**SOURCE INFORMATION**

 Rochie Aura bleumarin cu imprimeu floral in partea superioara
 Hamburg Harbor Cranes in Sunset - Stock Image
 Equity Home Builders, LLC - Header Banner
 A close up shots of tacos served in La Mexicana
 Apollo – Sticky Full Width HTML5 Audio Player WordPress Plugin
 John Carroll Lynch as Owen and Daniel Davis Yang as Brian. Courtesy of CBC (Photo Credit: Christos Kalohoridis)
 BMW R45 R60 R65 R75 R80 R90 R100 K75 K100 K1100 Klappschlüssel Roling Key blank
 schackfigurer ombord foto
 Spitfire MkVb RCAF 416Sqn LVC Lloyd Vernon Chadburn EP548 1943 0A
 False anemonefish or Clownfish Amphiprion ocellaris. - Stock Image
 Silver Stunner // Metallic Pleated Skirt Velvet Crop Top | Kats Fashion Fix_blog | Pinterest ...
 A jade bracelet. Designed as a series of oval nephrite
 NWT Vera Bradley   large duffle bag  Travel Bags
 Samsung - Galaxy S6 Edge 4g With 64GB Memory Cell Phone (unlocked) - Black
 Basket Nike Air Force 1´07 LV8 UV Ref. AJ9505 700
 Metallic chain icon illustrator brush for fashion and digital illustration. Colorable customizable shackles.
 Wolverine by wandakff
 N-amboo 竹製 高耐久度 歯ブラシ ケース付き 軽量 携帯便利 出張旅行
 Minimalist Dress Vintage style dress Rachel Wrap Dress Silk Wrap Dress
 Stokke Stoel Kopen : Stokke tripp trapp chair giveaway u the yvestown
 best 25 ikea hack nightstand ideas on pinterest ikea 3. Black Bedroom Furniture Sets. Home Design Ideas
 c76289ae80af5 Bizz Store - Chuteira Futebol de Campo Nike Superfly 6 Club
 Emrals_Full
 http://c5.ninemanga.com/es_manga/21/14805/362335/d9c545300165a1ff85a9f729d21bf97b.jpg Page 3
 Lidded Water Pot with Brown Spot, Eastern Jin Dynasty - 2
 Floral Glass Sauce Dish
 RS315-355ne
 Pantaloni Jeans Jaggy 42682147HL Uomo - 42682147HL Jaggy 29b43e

**WHAT THIS TASK INVOLVES**
Reproduce word for word the material above, beginning with the line that contains "False anemonefish or" and ending with the line that contains "Metallic chain icon".

**FINISHED TASK**
 False anemonefish or Clownfish Amphiprion ocellaris. - Stock Image
 Silver Stunner // Metallic Pleated Skirt Velvet Crop Top | Kats Fashion Fix_blog | Pinterest ...
 A jade bracelet. Designed as a series of oval nephrite
 NWT Vera Bradley   large duffle bag  Travel Bags
 Samsung - Galaxy S6 Edge 4g With 64GB Memory Cell Phone (unlocked) - Black
 Basket Nike Air Force 1´07 LV8 UV Ref. AJ9505 700
 Metallic chain icon illustrator brush for fashion and digital illustration. Colorable customizable shackles.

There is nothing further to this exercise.